• [DIRECTIONS] Go to the line that includes "The original file" and retype it, then every line after it to the end of the data, adding nothing.

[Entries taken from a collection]
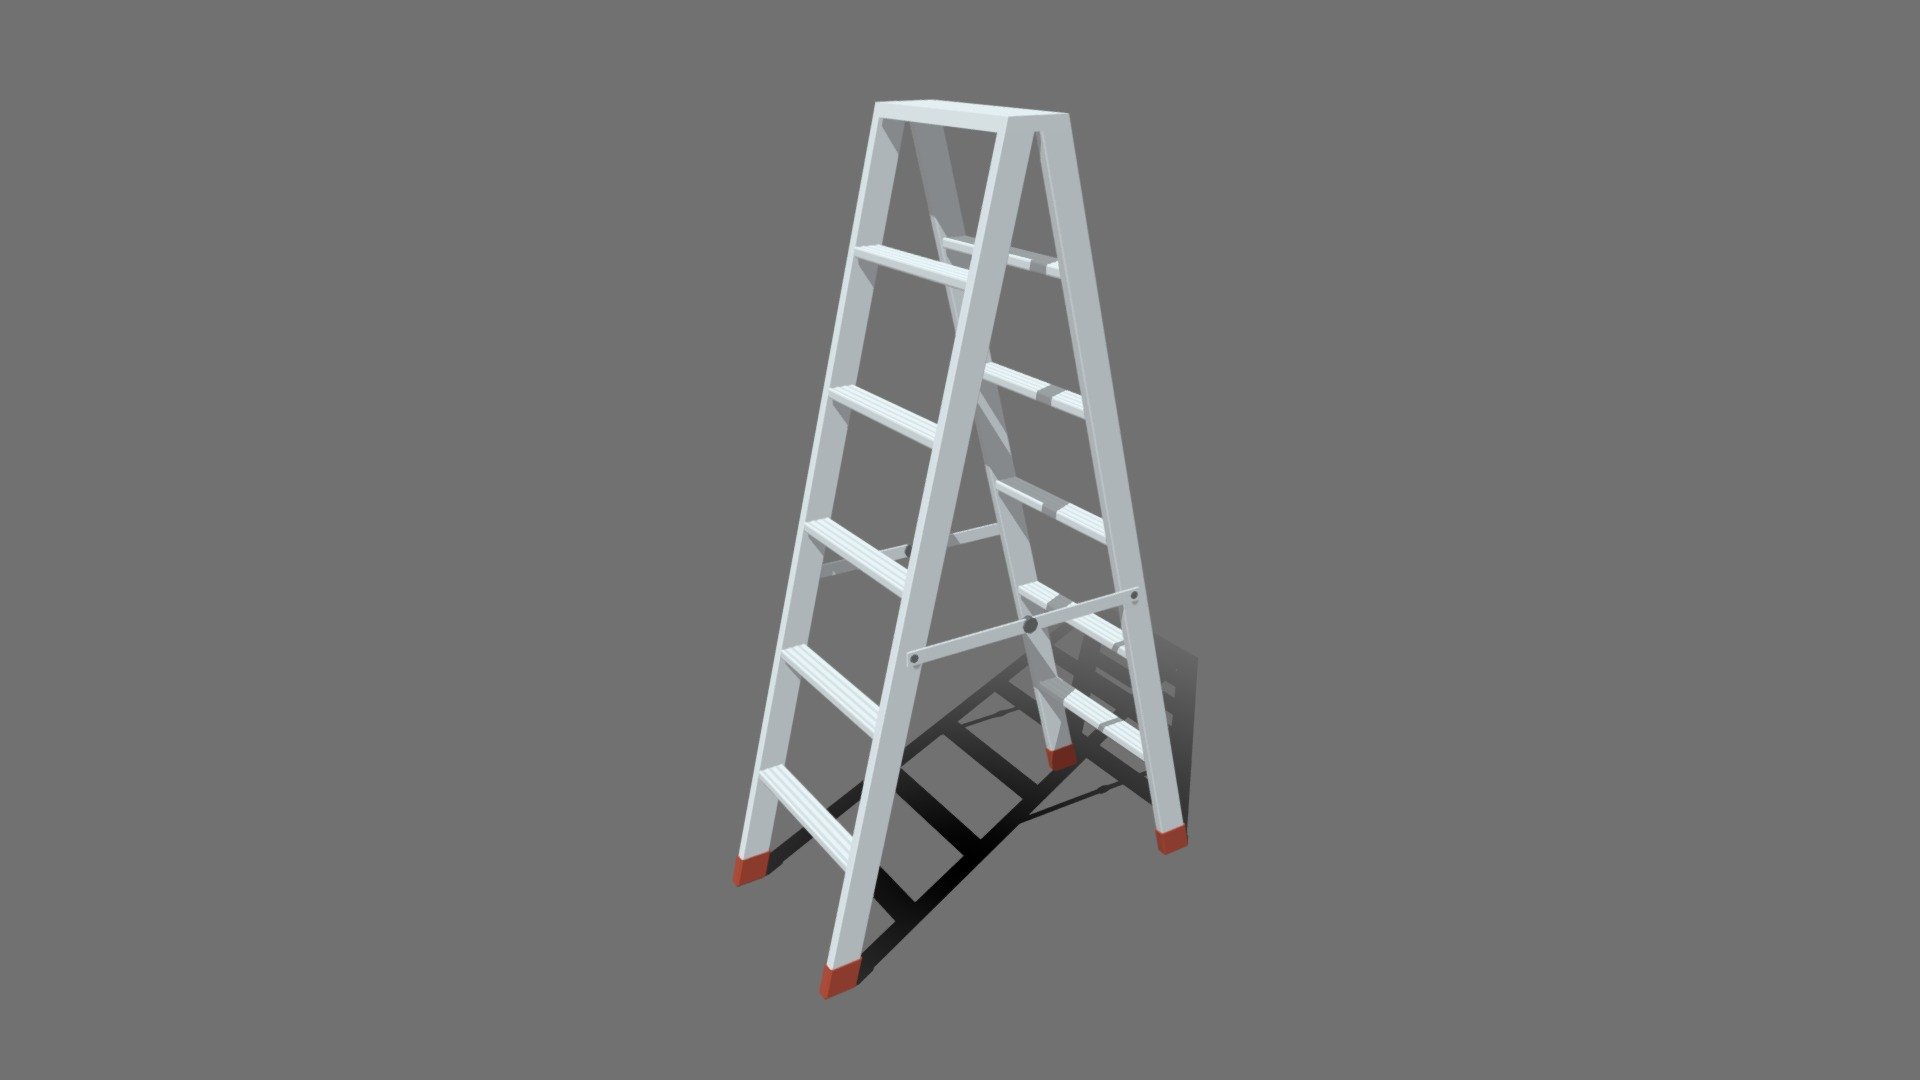 This is a low poly 3D model of an aluminium ladder. The low poly ladder was modeled and prepared for low-poly style renderings, background, general CG visualization presented as 1 mesh with quads/tris.

Verts : 1.484 Faces : 1.460.

The 3D model have simple materials with diffuse colors.

No ring, maps and no UVW mapping is available.

The original file was created in blender. You will receive a 3DS, OBJ, FBX, blend, DAE, Stl, gLTF.

All preview images were rendered with Blender Cycles. Product is ready to render out-of-the-box. Please note that the lights, cameras, and background is only included in the .blend file. The model is clean and alone in the other provided files, centred at origin and has real-world scale 3d model

• [SOLUTION]
The original file was created in blender. You will receive a 3DS, OBJ, FBX, blend, DAE, Stl, gLTF.

All preview images were rendered with Blender Cycles. Product is ready to render out-of-the-box. Please note that the lights, cameras, and background is only included in the .blend file. The model is clean and alone in the other provided files, centred at origin and has real-world scale 3d model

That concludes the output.